The Holy Lama said...

The child here is well protected. He gets to earn his living, will pick up basic language and math from the shopkeeper, is safe from other nerds and has a place to sleep. It can be really worse for the poor children. Aparna , you may buy him a pair of new clothes or shoes or call him over for food on a festival day. We can do only the sometime and something....the shopkeeper is there for him always. Being there always for such kids is a big responsibility.

Aparna said...

Tomz, child labour is very sad indeed.

Blunt edges, or talk about it?

Kirti, yes the boy did seem happy and that was a big consolation.

Nikita, yes I read those articles, horrific.

Sujata, there is very good NGO working for some slum kids here in my area. It is run by a woman and she does some outstanding work.

Kanupriya, the sketch was done by my younger daughter Ayushi, she is 9 years old.

Swatantra, thank you.

Keats the sunshine girl, he is indeed luckier than a lot of other children.
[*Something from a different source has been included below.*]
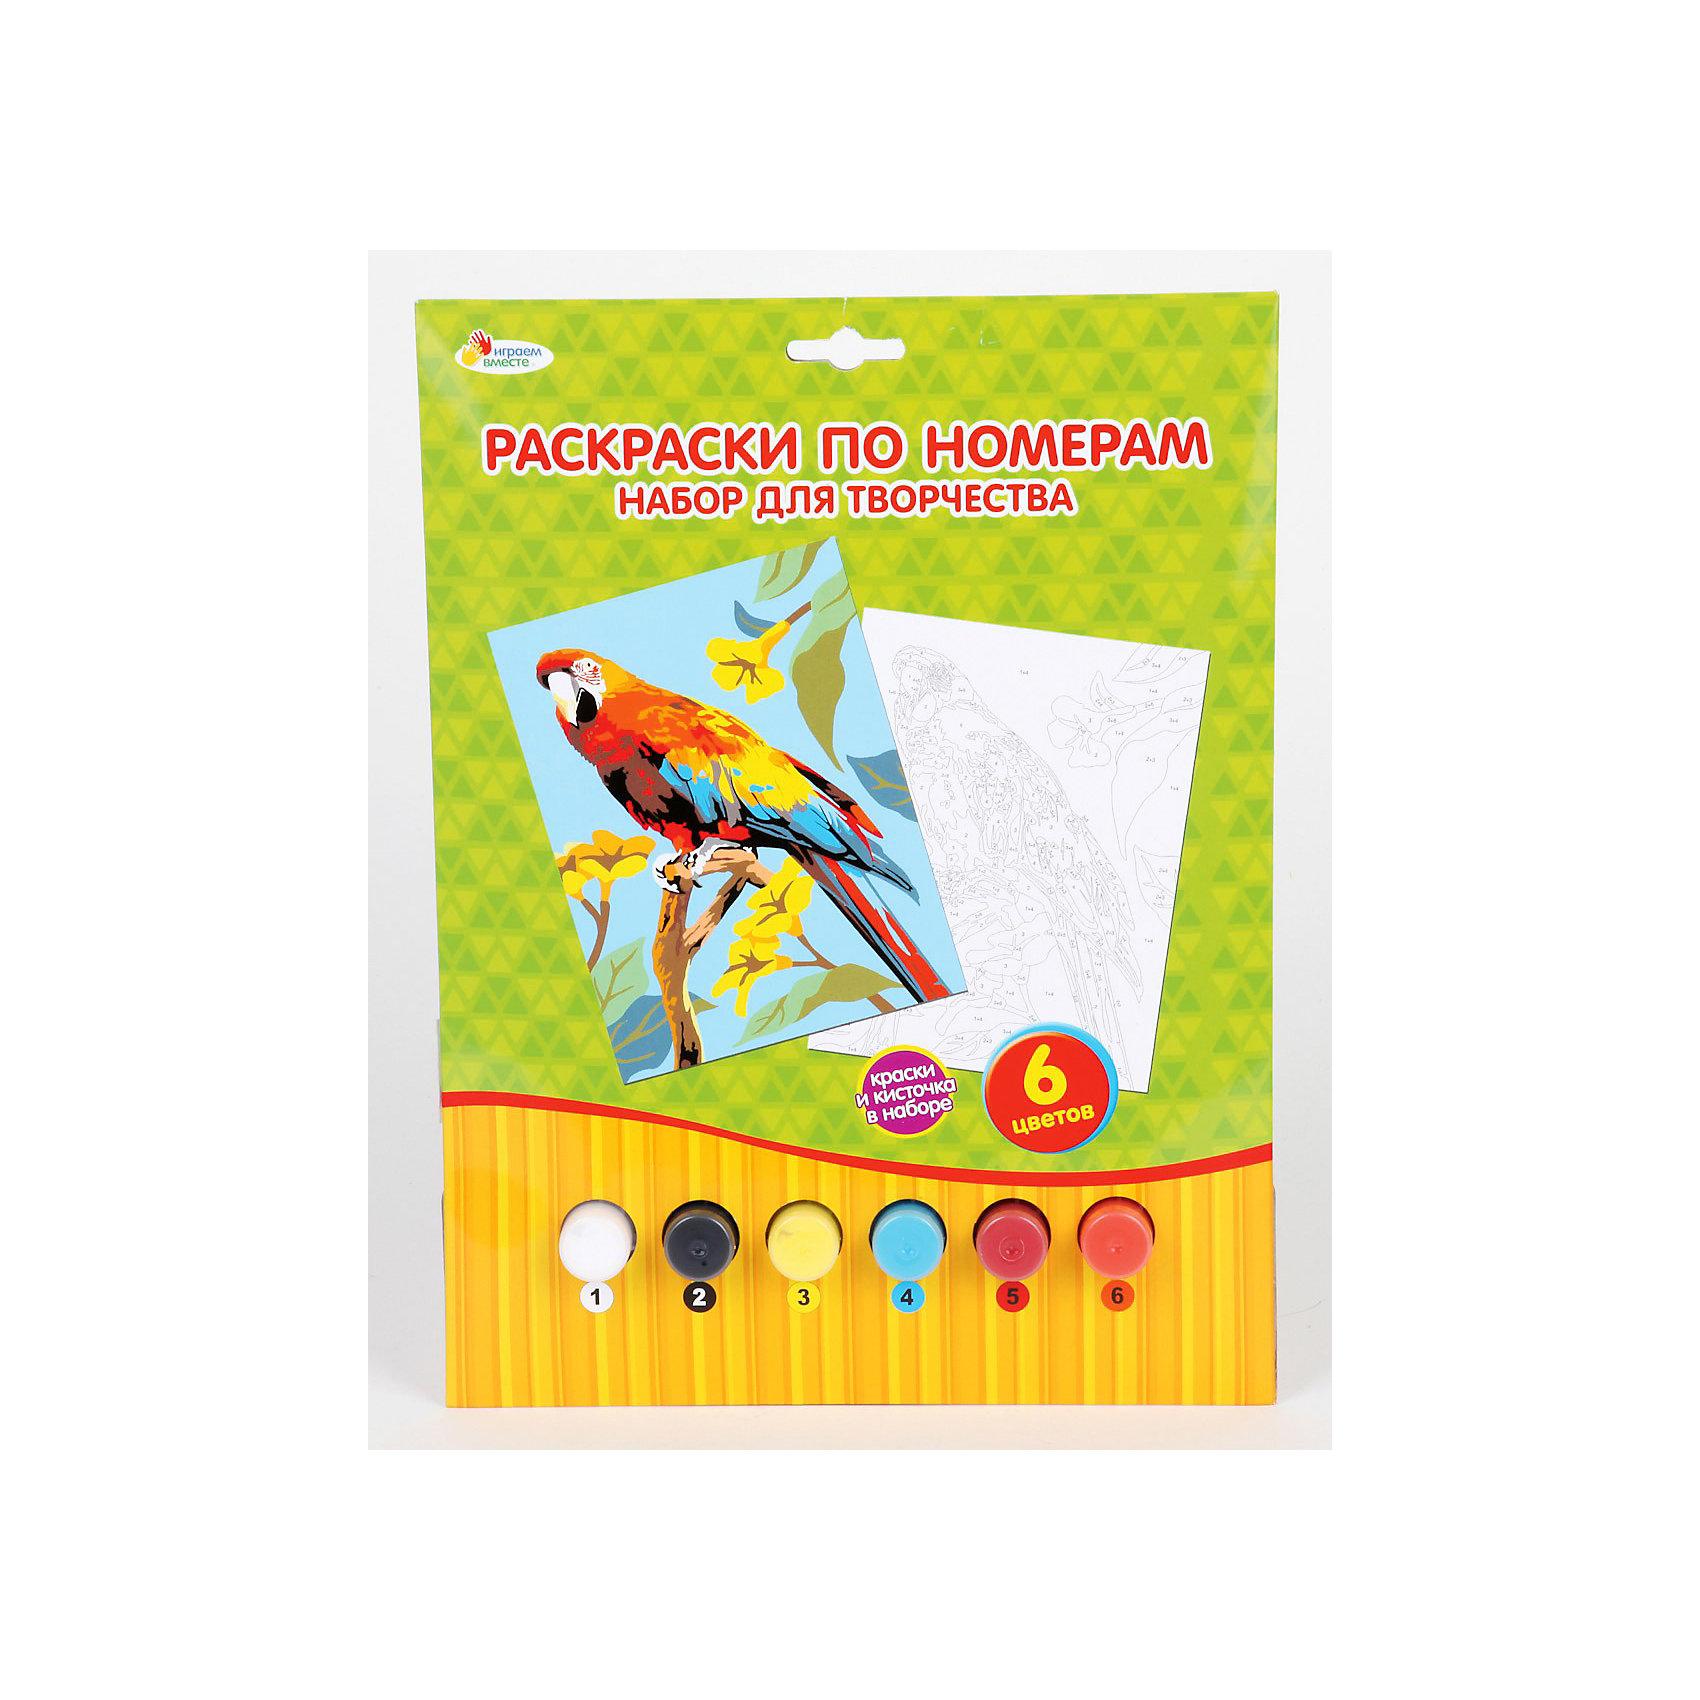 Раскраска по номерам ПопугайРаскраска по номерам Попугай. <br>Станет прекрасным развивающим творческие способности Вашего малыша подарком. Понятная инструкция, четкий контур помогут Вашему юному художнику создать настоящий шедевр живописи! <br><br>Дополнительная информация:<br><br>В наборе: <br>картинка-основа с нанесённым контуром, <br>краски 6 цветов,<br> кисточка, <br>палитра, <br>инструкция<br><br>Надолго сохранит воспоминания о прекрасных минутах творчества!<br>Можно с легкостью приобрести в нашем интернет-магазине!<br><br>Ширина мм: 20<br>Глубина мм: 220<br>Высота мм: 290<br>Вес г: 160<br>Возраст от месяцев: 24<br>Возраст до месяцев: 84<br>Пол: Унисекс<br>Возраст: Детский<br>SKU: 3361185

Sakshi, your WP blog has a privacy setting and I can not enter it :( Link it to your blogspot blog, that will help.

SG, yes, we are.

Starry, :(

Holy lama, the grocer is doing his best by keeping him off the streets, that is a big thing. I just wish he could attend school.

Onkar said...

Very profound post. A holistic approach is required to deal with the problems of poor children in our society

Anrosh said...

vatsalya - an organization that works for children

http://www.thevatsalyafoundation.org

Dr.Antony said...

We have a child labor prohibition act,by which it is punishable by 2 years imprisonment,if you employ any one less than 14 years of age.But then,what would these children do otherwise?
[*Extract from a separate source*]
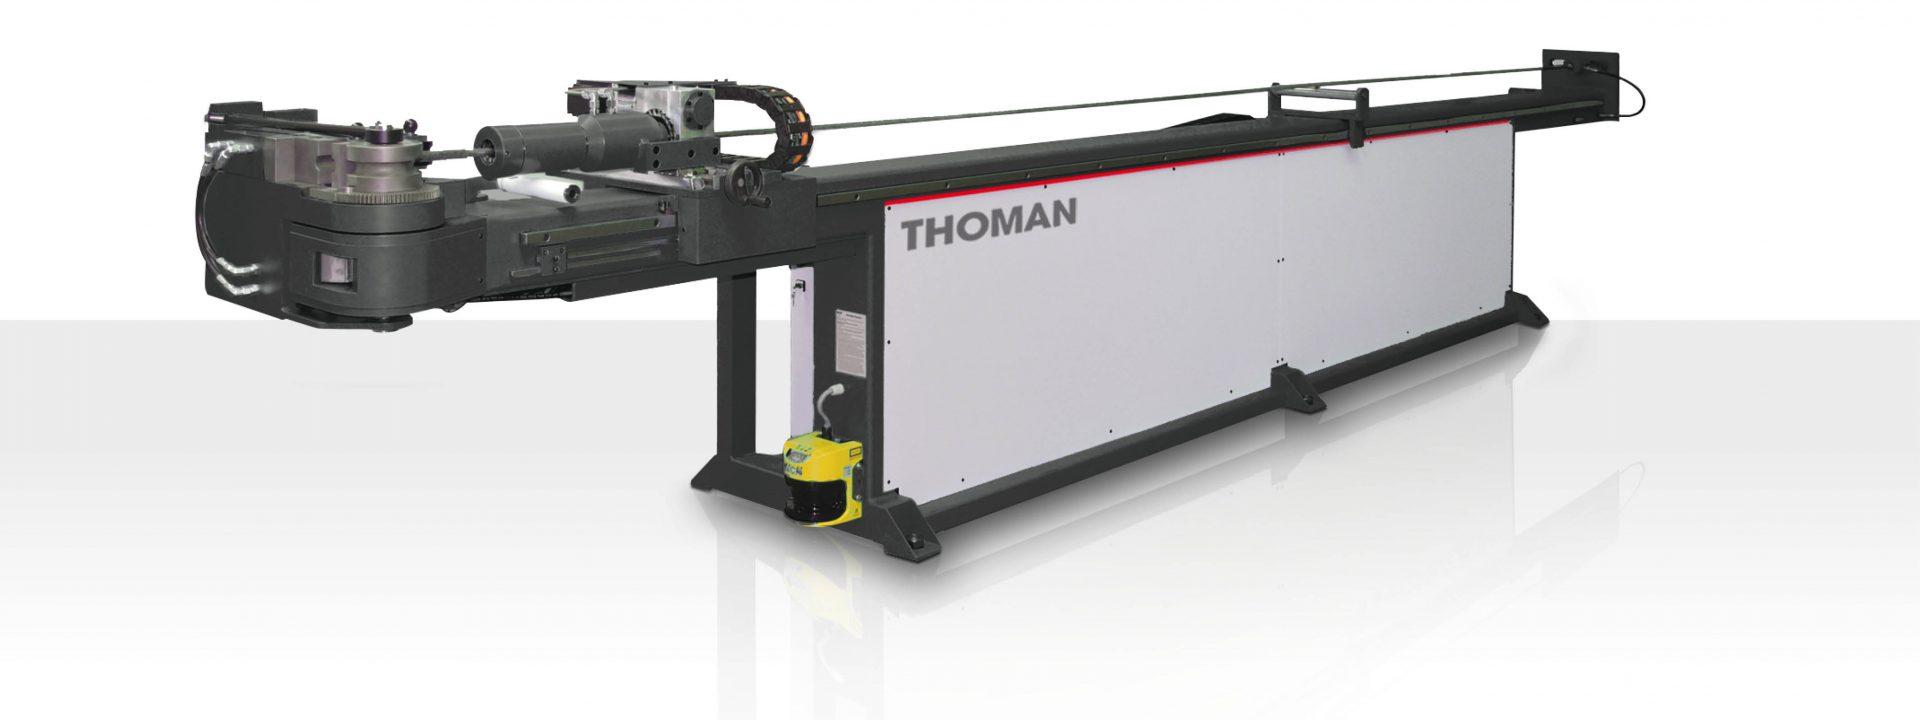 Rohrbiegemaschinen - Rohrbiegen - vollautomatische CNC Biegemaschine

Some time back,I had written a blog " Cheaper than buffaloes".Children are being sold,especially girls,for amounts as low as 1000 rupees.
The worlds highest number of working children are in India,around 12 million.About 2 million are forced in to pornography and prostitution. Around 60% of all working children are subjected to sexual exploitation. Staggering?
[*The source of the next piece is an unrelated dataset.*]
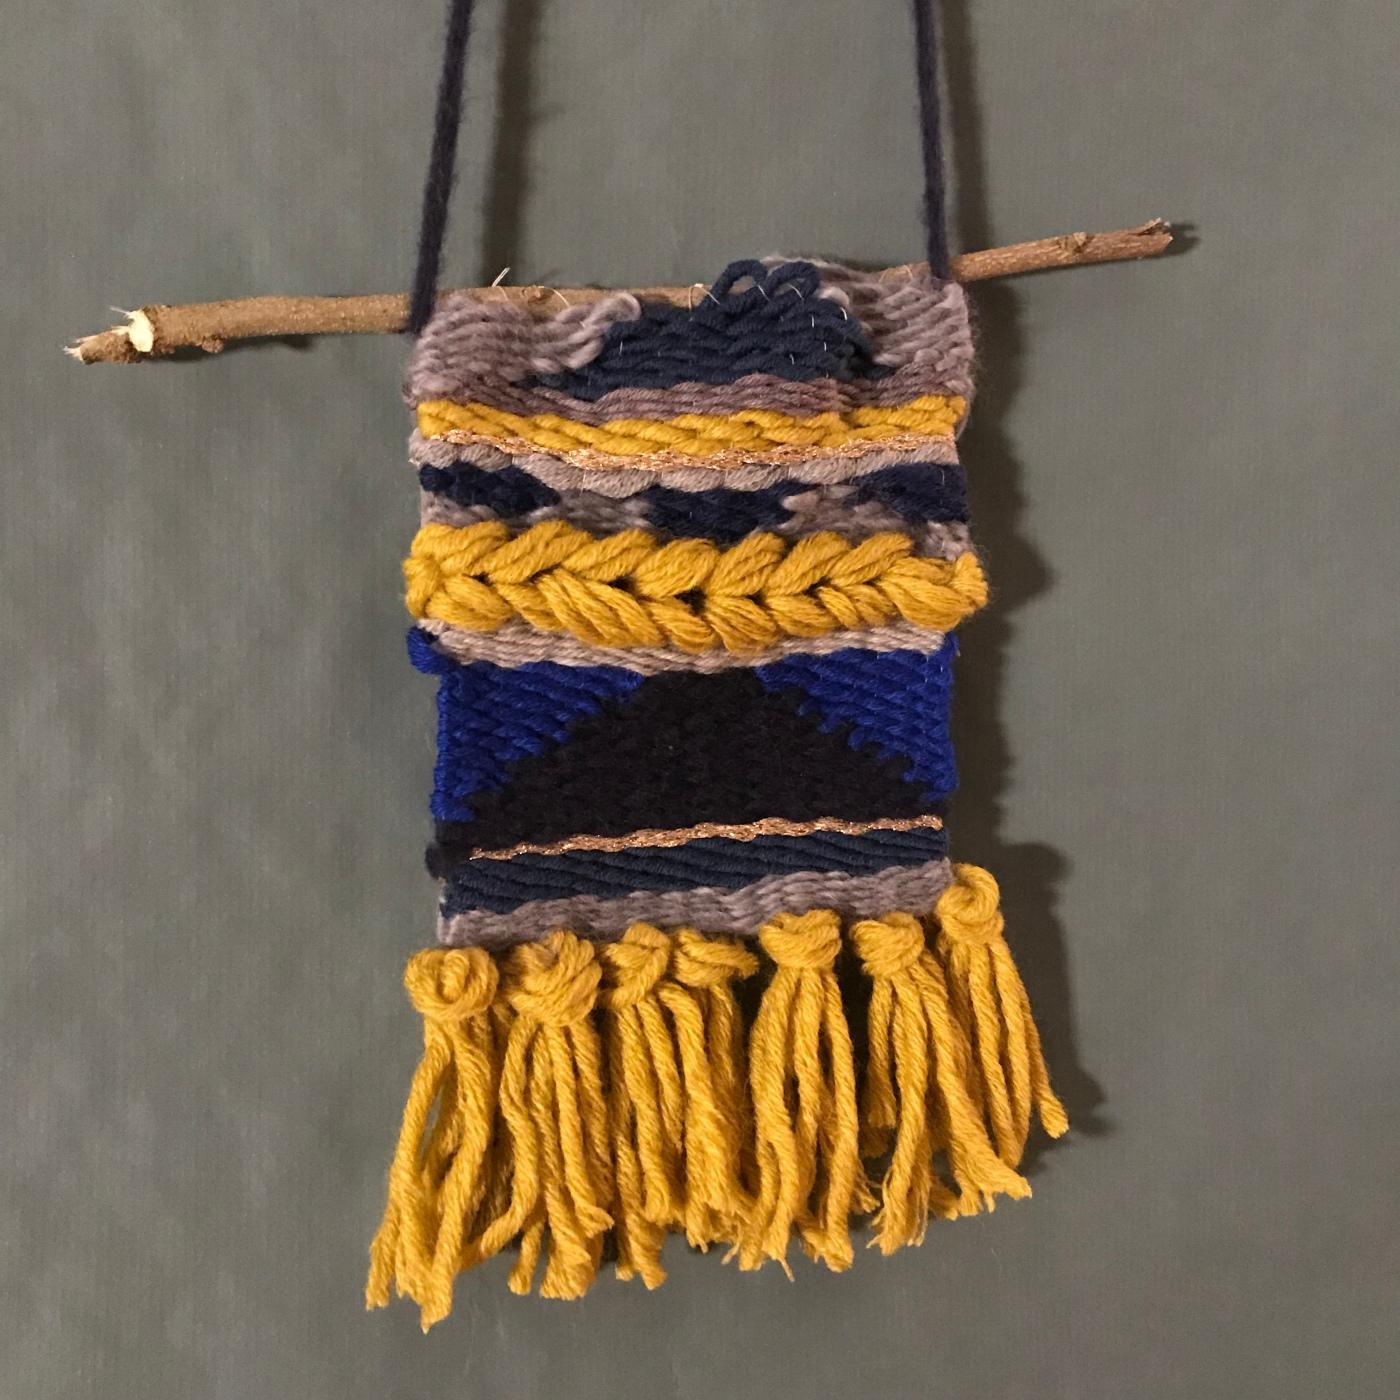 Tissage d'hiver - DIY - bricolage enfant - craft for kids - laine - métier à tisser - Image à la une

There is no easy solution.Rules are not going to change any thing in India.Improving living standards is possibly the only way.Often the child's labor is the only way of survival in the family.

Scribbler said...

I have kind of exact case in my locality with a better twist though..the boy who works at the grocery store is a relative of the store owner and he just lets him work there for earnings [possibly for the same reason as to where would he go otherwise et al] but the boy goes to school as well and sleeps at the store owners home...a slightly better condition but yes he is spending his childhood in a grocery store learning to manage customers and reciting ate-dall ka bhaav !

Chandrika Shubham said...

Problem is there but we all have to put our best efforts to solve it.

Touching story.

R. Ramesh said...

hey buddy thanks ya

Rachna said...

I agree with the Holy Lama. Though, I am against child labor. Look at what he is protected against. He gets some food and gets to pick up some skills. We have all heard about the horror stories of delinquent home. Sad as it is, this seems to be a better option for the child.

commited to life said...

so very true..

my mom tells me sometimes its good to employ kids.. atleast n this way they get to eat they get to live somehow...

its a scary dilema...

p.s was just passing by

Neo said...
This comment has been removed by the author.
RGB said...

Sad state of affairs indeed when children can't enjoy their childhood. But there are many instances where the children themselves are unwilling to go to a school, let alone study. Many bloggers have written about them. You put them in a school after going through all the difficult procedures only to find them back in the streets begging or doing odd jobs for a living! A massive rehabilitation needs to be thought of, where the parents & children are educated for things to be any different.

Sandhya said...

When there is no one to support them, this is the best way to survive. Otherwise they might start stealing things. No one is there to say what is wrong and what is right. At least here, some customers respect and show love to him in some way!

A said...

Indian is the country of extreme contrast..rich is the richest in the world and poor is the poorest in the world. It is a sad story.